# PROBLEM REQUIREMENTS
Given the records underneath, please repeat exactly the lines from the line with "macchina da scrivere coronet" through the line with "snipcart-reactjs-static-ecommerce-dry-martini-glasses", passing over any picture.

# DATA PROVIDED

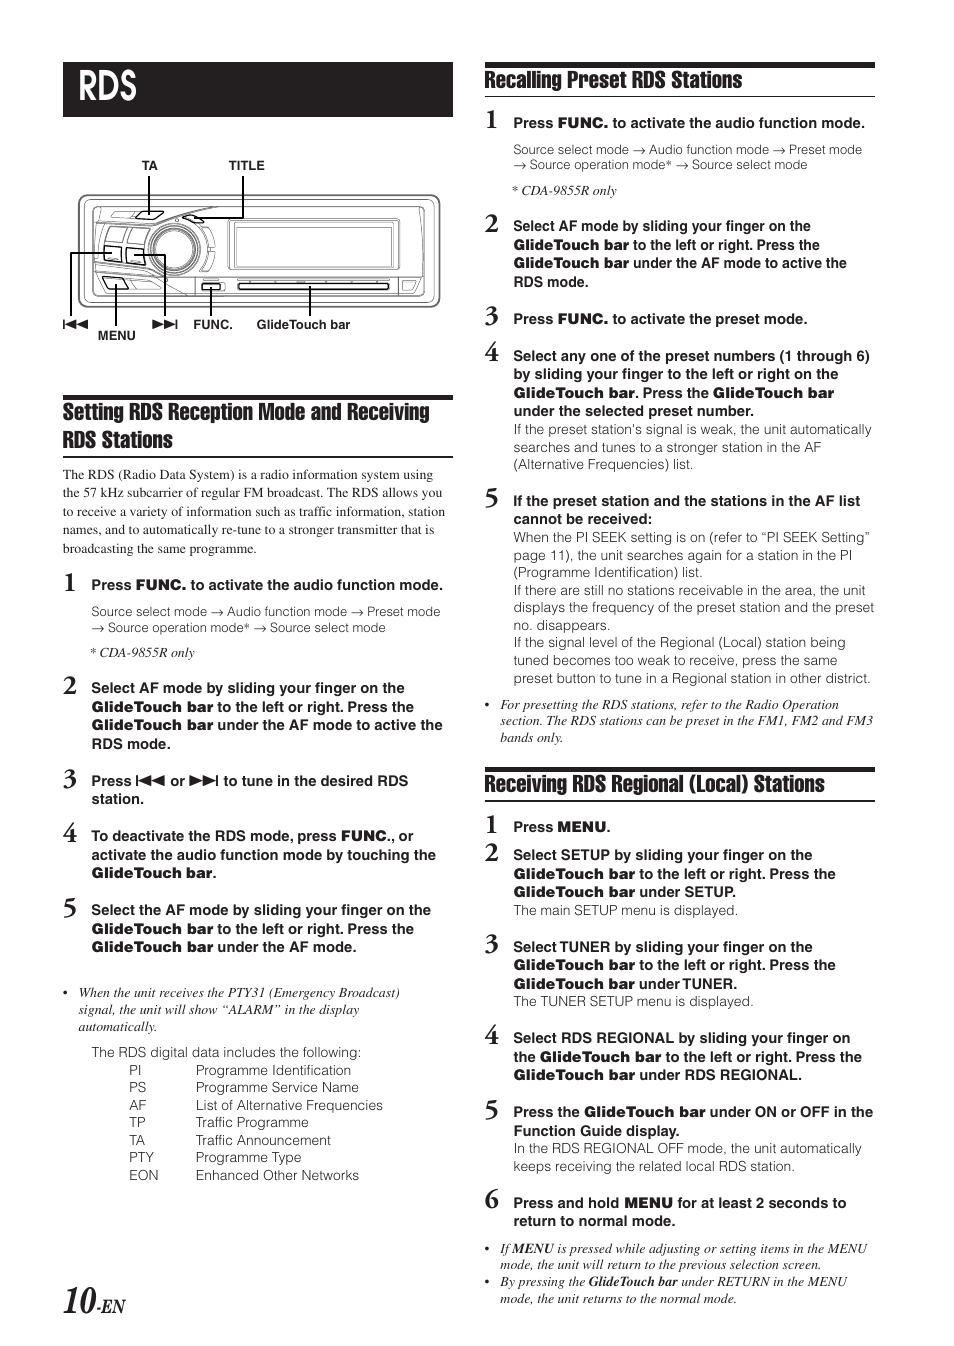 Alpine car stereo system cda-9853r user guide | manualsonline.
* * *
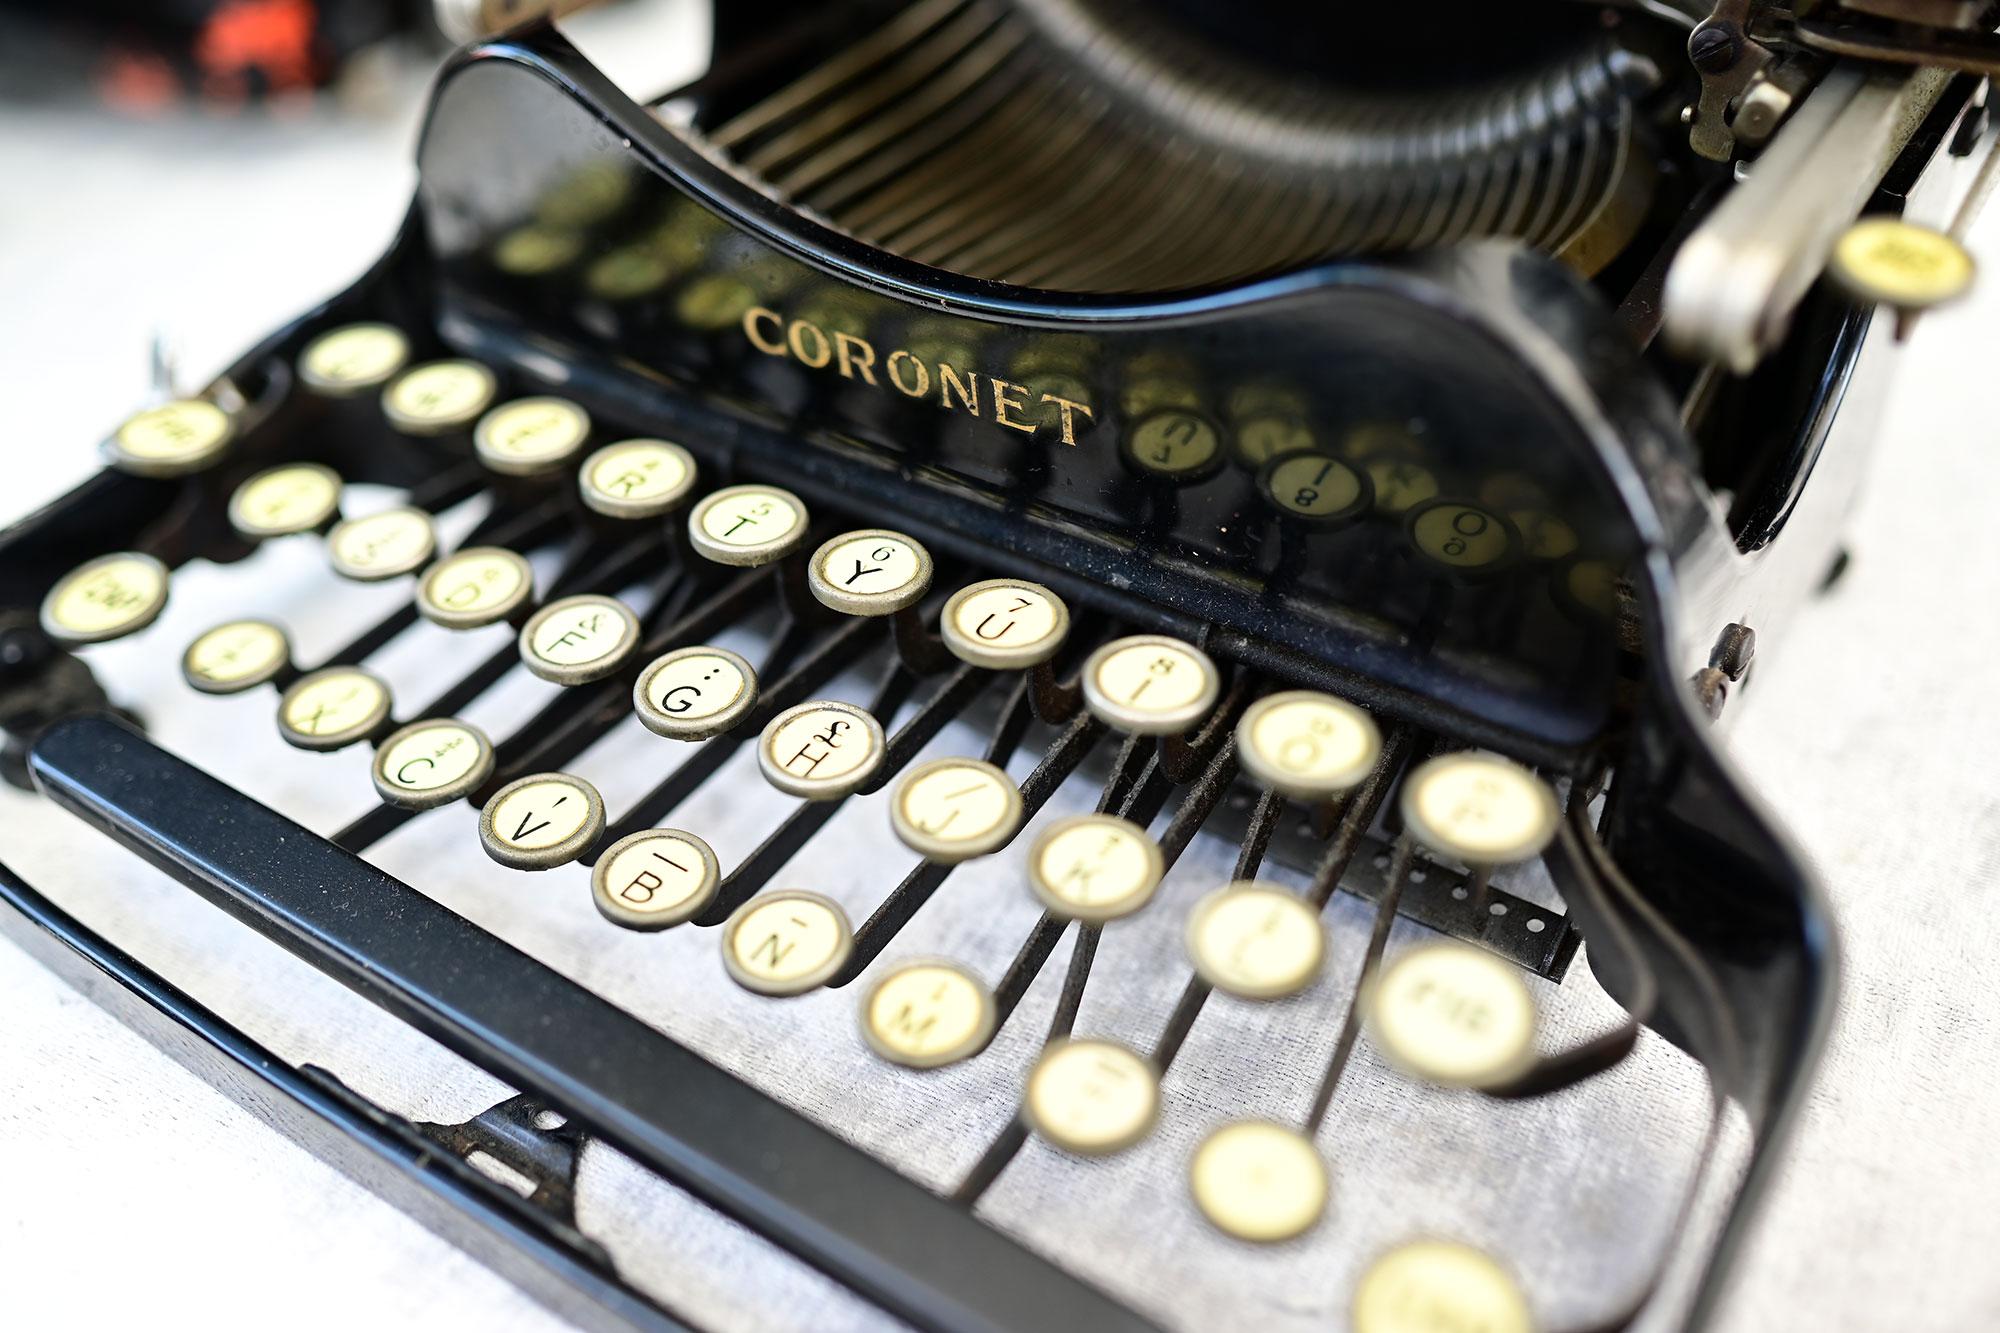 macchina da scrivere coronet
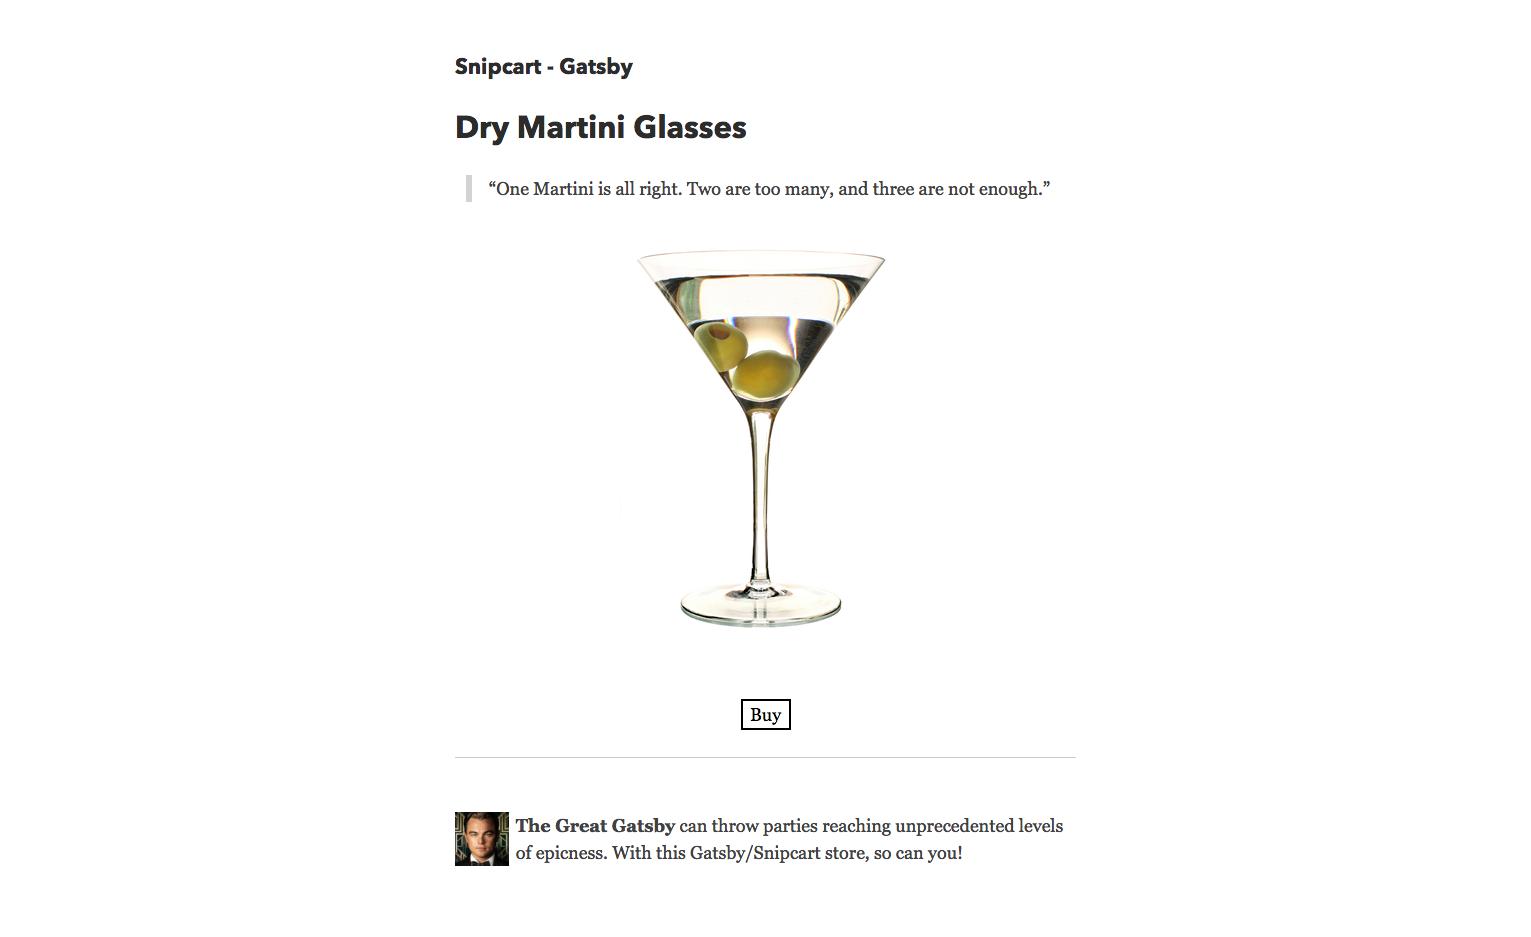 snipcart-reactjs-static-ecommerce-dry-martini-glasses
--
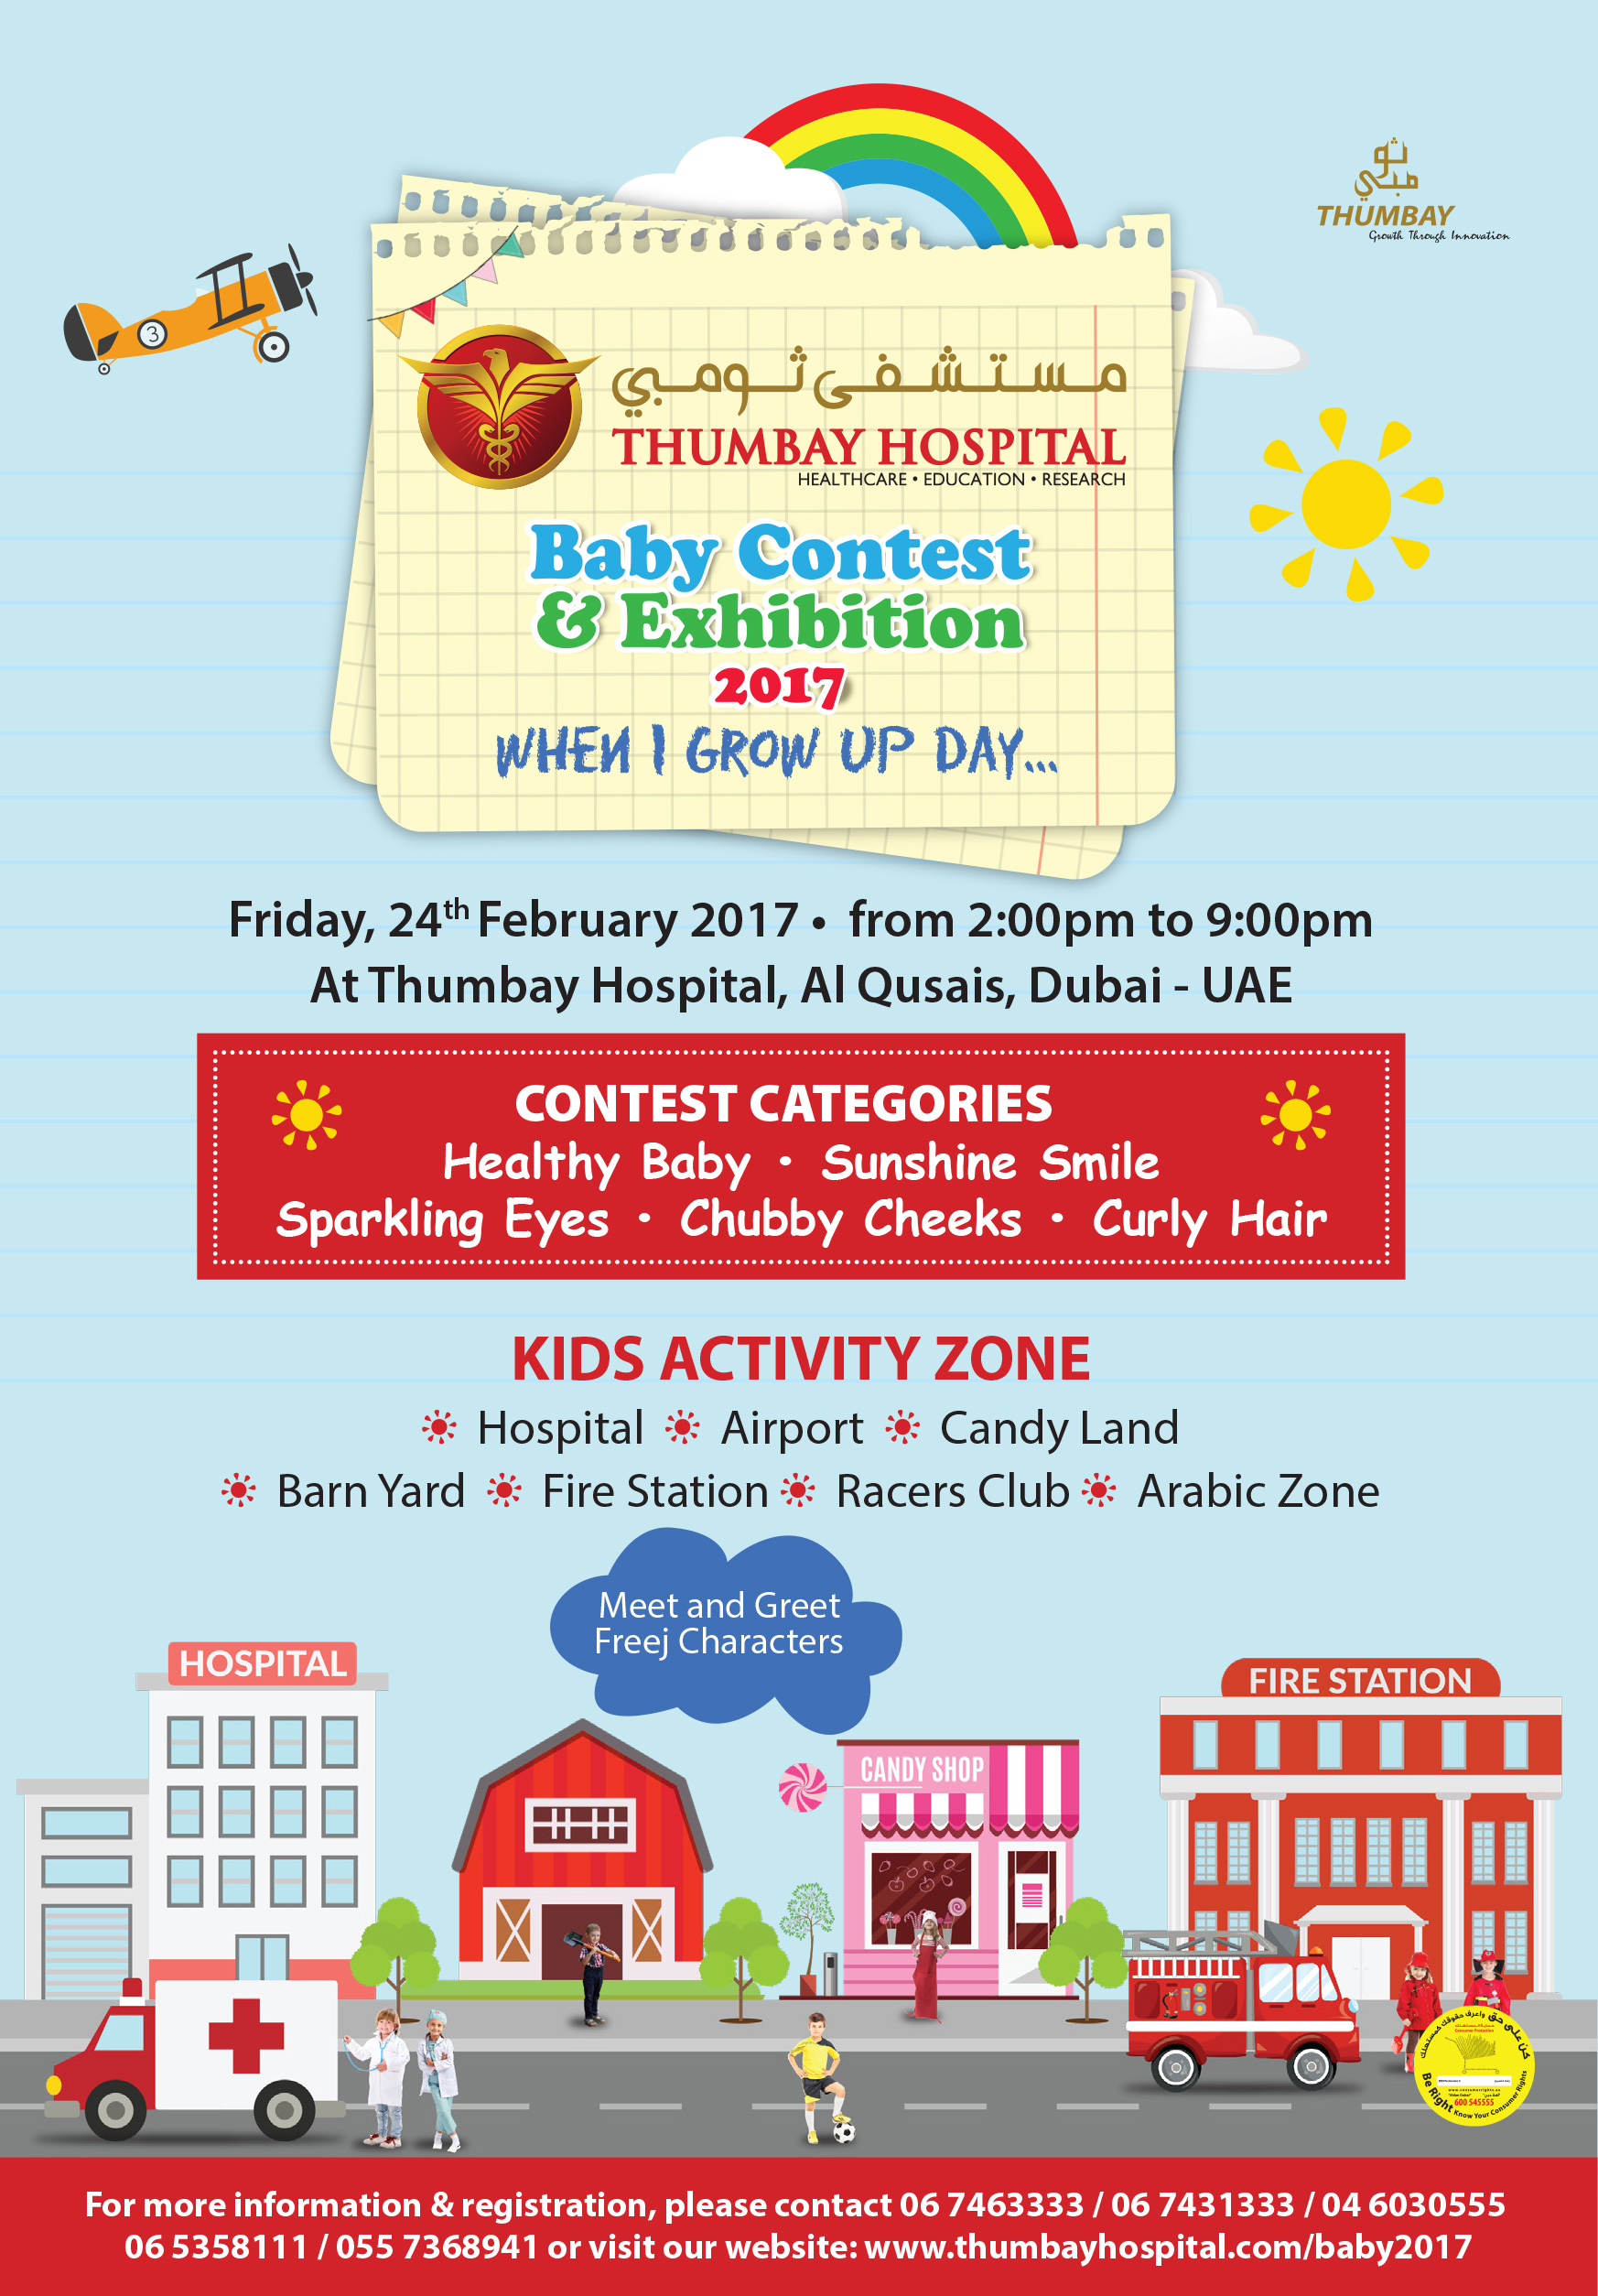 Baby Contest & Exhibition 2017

# COMPLETED EXERCISE
 macchina da scrivere coronet
 snipcart-reactjs-static-ecommerce-dry-martini-glasses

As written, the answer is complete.